The new governor will have to exert some leadership in developing a budget that incorporates both tax hikes and spending cuts.
On a larger scale, economic development challenges revolve around creating a growth model focused on innovation and technology. Dollar for dollar, Delaware cannot match larger states in offering financial incentives to businesses on the move, so it must offer other perks—a talented workforce, a clean environment and a strong education system.
Related issues that drew mentions: improving pay for state employees, increasing the minimum wage, increasing the state income tax rate for high earners and making the necessary financial commitments to rebuild the state’s infrastructure—its roads, bridges, brownfields and water supply.
Education reform will also rank high for the new governor. While Gov. Jack Markell initiated many reforms, Delaware remains one of the few states that do not provide supplemental funding for schools with high concentrations of students from low-income families, English-language learners and children with special needs in the early elementary grades. The Wilmington Education Improvement Commission, whose proposals for strengthening educational opportunities for city residents languished in the General Assembly, emphasized that providing weighted funding for high-need students is a statewide issue, not one limited to Wilmington.
Delaware relies on a school funding system created more than 60 years ago, then repeatedly amended to the point that few outside of school finance offices understand it. Despite repeated calls for reform in the past 10 years, nothing has changed. But the Wilmington issue, controversial referendums, statewide imbalances in property assessments and episodes of misspending at several charter schools may push school finance reform higher up on the to-do list.
Other key education needs: reducing time spent on testing, developing a consistent teacher evaluation system, and blending technology with traditional instruction to provide more personalized learning opportunities for individual students.

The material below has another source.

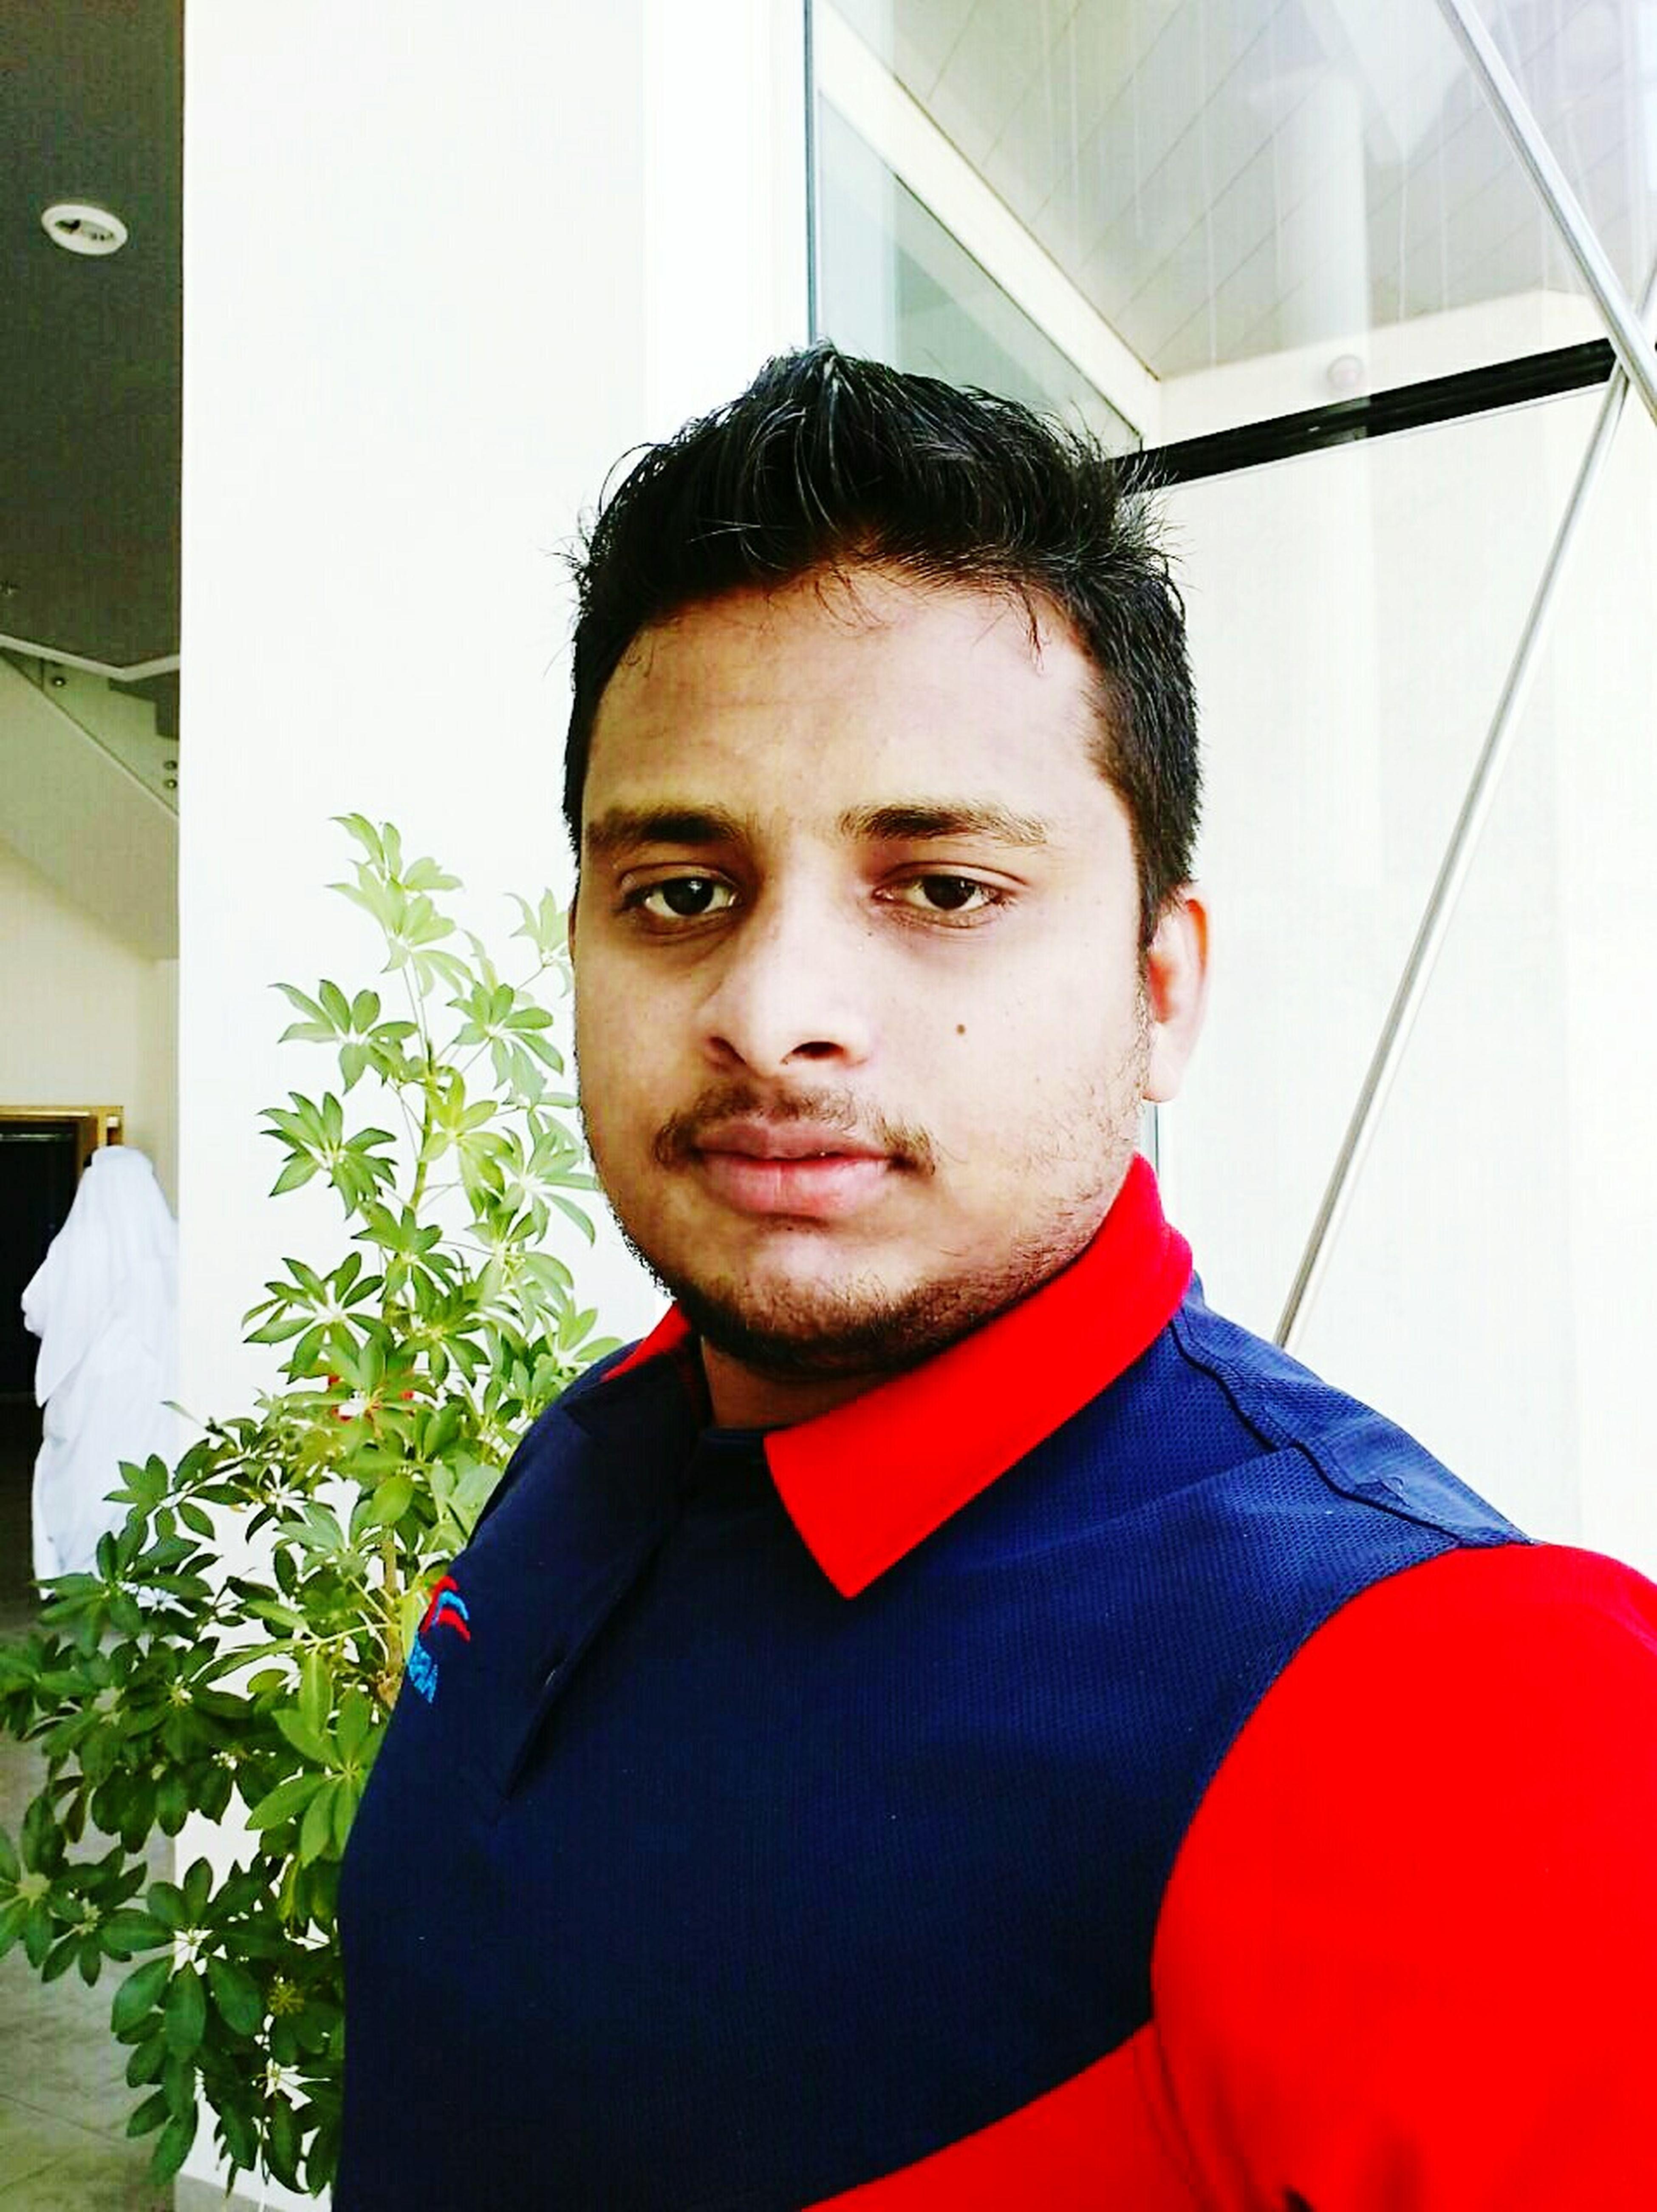 Feeling good... Working First Eyeem Photo
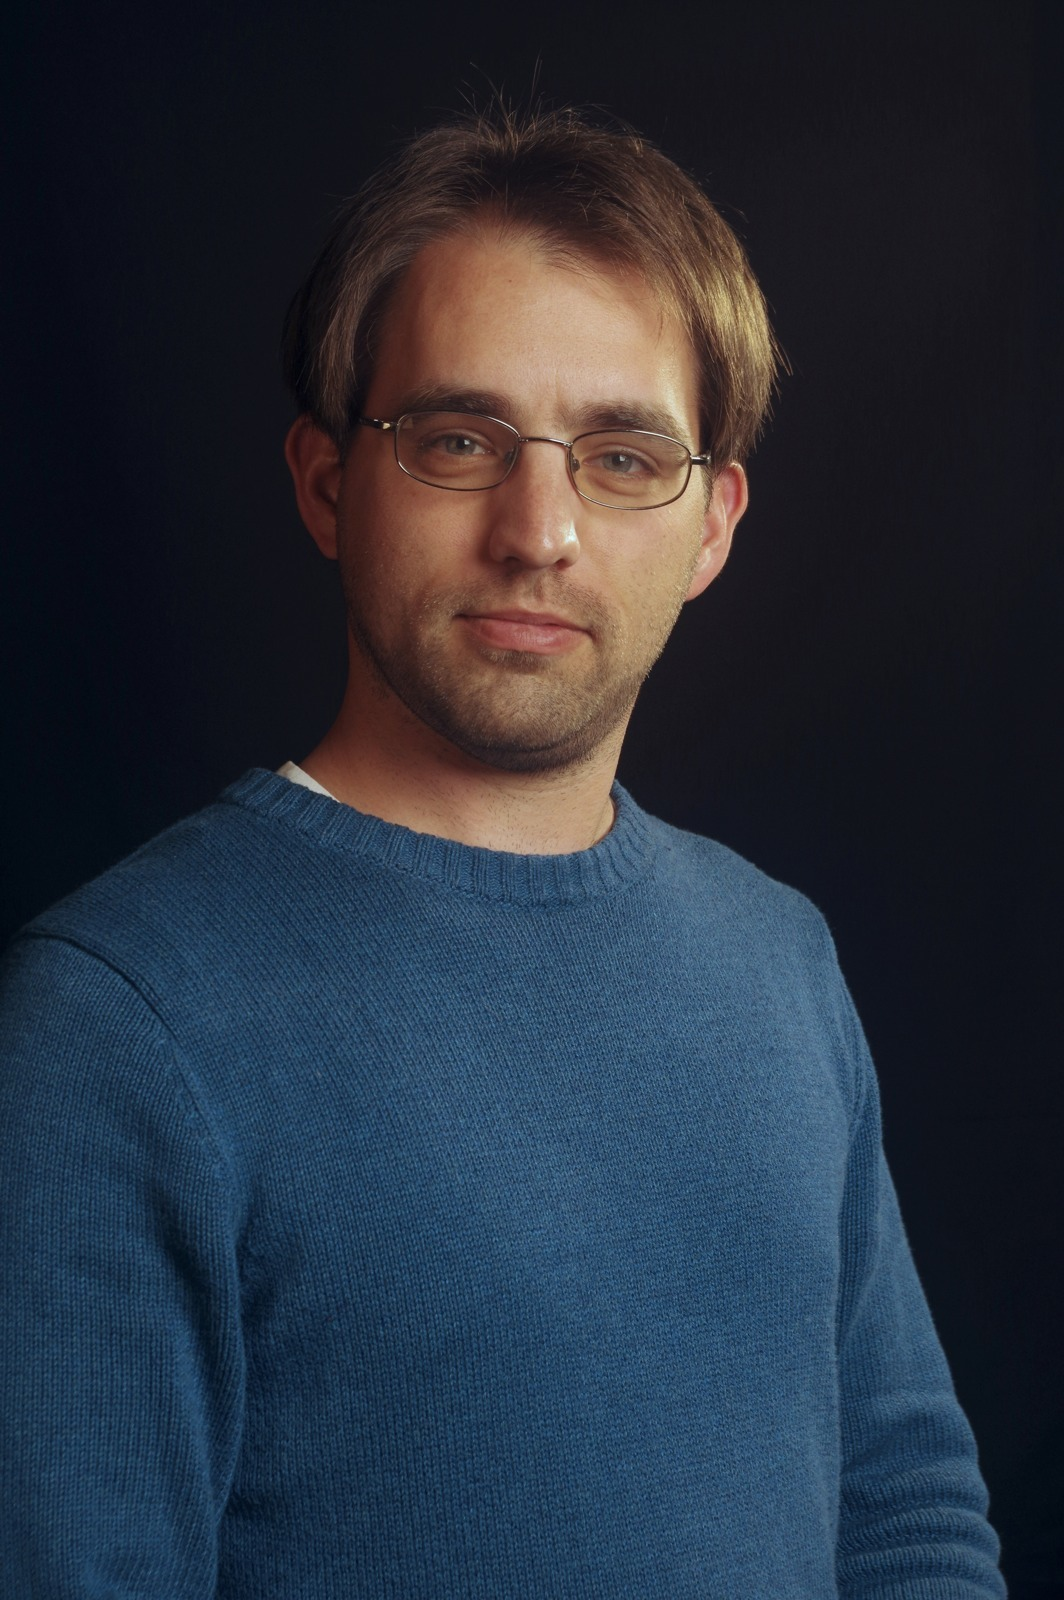 Michael Harriss

Many suggest that the governor address the death penalty issue now that the state Supreme Court has declared the current state law unconstitutional; that he pay greater attention to the needs of the middle class and the working poor; that he work with healthcare providers to ensure that the state’s residents can live healthy lives and receive high-value care; and that he streamline and reduce inconsistencies in environmental permitting processes.
As Carney sets his priorities, he should recognize that he will have many allies willing to offer support.
“Nobody is sitting on the sidelines,” says Brian DiSabatino, president and CEO of the EDiS Company. “He needs to remember that we are all here to help.”